Have your RSD spread?
Have you or someone that you know obtain a full remission from the venipuncture RSD?
Have your RSD gotten worse ovetime or remain about the same?
What treatments have your tried and any success from the treatment?
I am very concerned about my prognosis and what future will hold for me. It has spread from hands to feet to arms to shoulders to bones. Your feedbacks will be greatly appreciated.
Hope to hear from you soon!
Numb
Hi Numb,

Nice to meet you, sorry we have this in common...

Has your RSD spread?

Unfortunately, yes. It started in my left arm while donating blood October 2006. It seemed to slowly get better over time then re-erupted several months later. It spread within a year to affect the entire left arm, shoulder, neck, mouth, both hands, left leg and foot. I've been to every specialist there is, everything has been ruled out. 2 Specialists agree I have Complex Regional Pain Syndrome. They are a Rheaumatologist and an Orthopedic Surgeon

Have you or someone that you know obtain a full remission from the venipuncture RSD?
Unfortunately, I personally know no one who has.

Have your RSD gotten worse overtime or remain about the same?

I fear the worst...but I have had good days in between, sometimes several, so I look forward to those days and I savor them. It helps to have things to take your mind off it. I have developed my own pain coping skills throughout this ordeal, I've had to...but it gets more and more difficult as time goes on, I must admit. There is a certain pain level I have come accustomed to, sad to say...but I can tell it's there, but focus and block it out sometimes. There's a certain level it passes that is beyond ignoring that brings me to the point of desperation where my pillow gets tear stained at night..

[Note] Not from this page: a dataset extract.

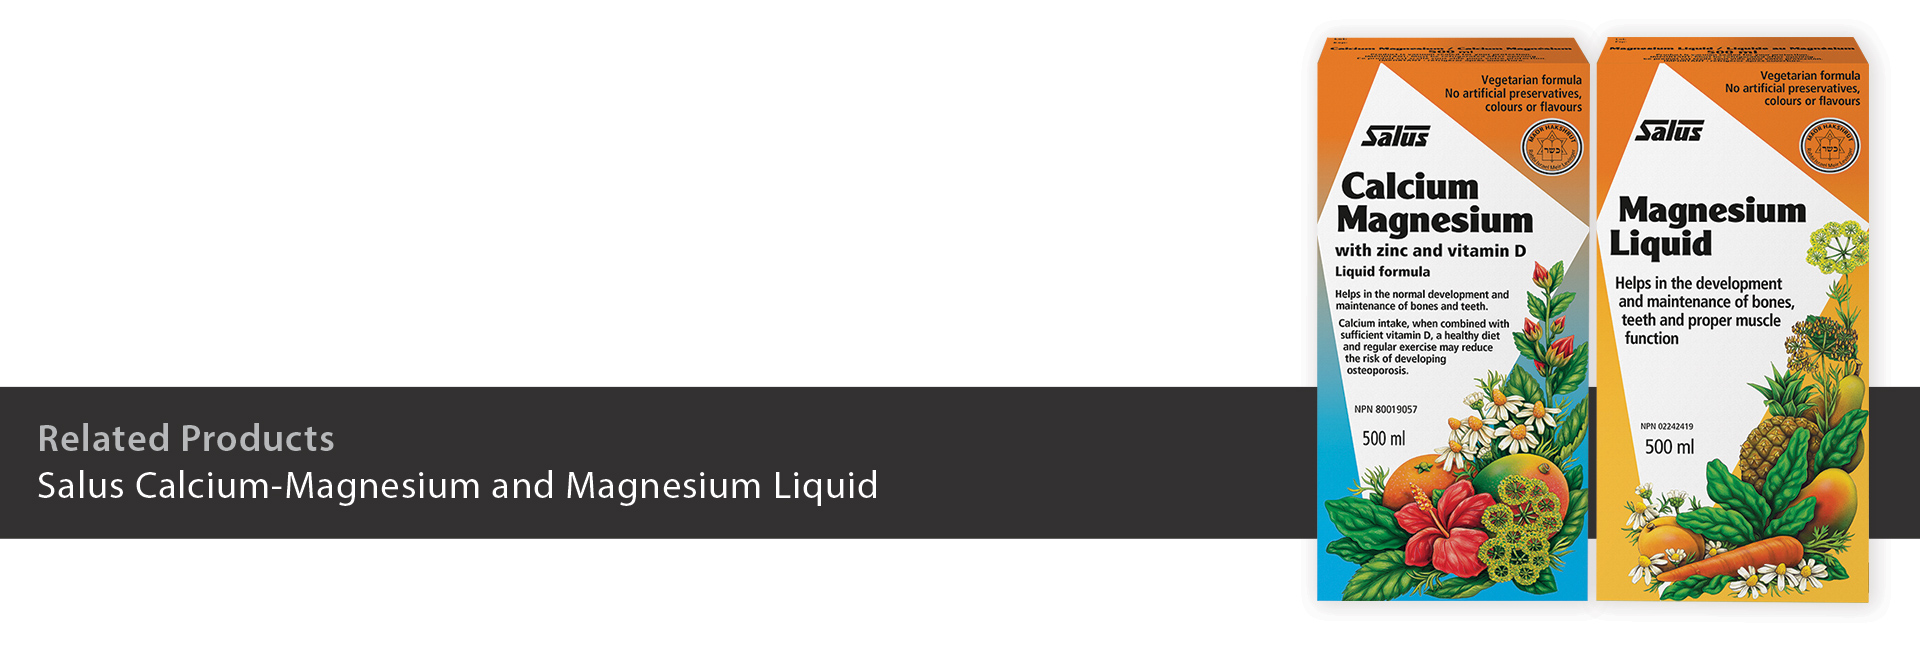 Salus Calcium-Magnesium and Magnesium Liquid

What treatments have your tried and any success from the treatment?
I had tried Physical as well as Orthopedic therapy for several months. It did not seem beneficial much at the time, nor would it be now for me to go when I still keep my muscles just as active at home in the shower, it's the most comfortable way to move them, with the moist heat...less strain but still keeping them going. I'm at the computer a lot, so I'm moving my muscles that way as well. (Have to have a space heater on me, even in the summer)
I had an Epidural Cervical Injection, my CRPS "Specialist" thought that might be the problem, was hoping it was not CRPS. Talk about PAIN! Yes, I had a bone spur on my left cervical spine which is pressing into my nerve canal...but whatever he did made my pain worse all over all the time. Burning pain...miserable, couldn't sleep...torturous pain. Called his receptionist a few times in tears, took her forever to call me back with an appointment, like it took two weeks for someone to see me crying like this. So he sees me and sympathizes...and does the following
Took me off the Gabapentin I had been on for about a year or so and put me on Topomax and Tramadol. It worked for like a month and a half and I felt great, but now my hands are puffing and burning all the time! Maybe I need a medication adjustment? My neck has been fine since the injection for the most part though ever since...

I am very concerned about my prognosis and what the future will hold for me
Of course you are...and that is precisely why I'm so frustrated with my doctor and his insensitivity on the subject. He calls himself a Complex Regional Pain "Specialist". He deals with Chronic Pain. (PERIOD) My Attorney asked for his medical report after his injection and when he sent it to her, he wrote that he thought the Epidural Injection was successful and that he felt my Neuropathy was from an anxiety disorder rather than Complex Regional Pain based on my emotional state during my office visit with him. (While I was in extreme pain, sleep deprived mind you). He mentioned my talking about "fear of the future and how he feels I should seek counseling and used the word 'unstable' " and stated I was in a "fragile state of mind and he did not feel it was safe at the time to suggest it".
Now...I would like to point out...I simply sat there with tears in my eyes explaining my pain to him. He didn't even touch me or look at my limbs at this time. He didn't look, at my other doctor reports at that time either, he said he never received them, even though I had faxed them to his receptionist. Yes, I admit it...I told him I was worried the pain would never stop, it had spread, I was worried about my future, I had muscle loss already...of course I said that!!!!!!! You would think by reading his report I pinned him up against a wall or something...It's not like I was uncontrollably crying in his office, I wasn't. I was a woman in pain, that's all. (Perhaps he has poor memory recall?)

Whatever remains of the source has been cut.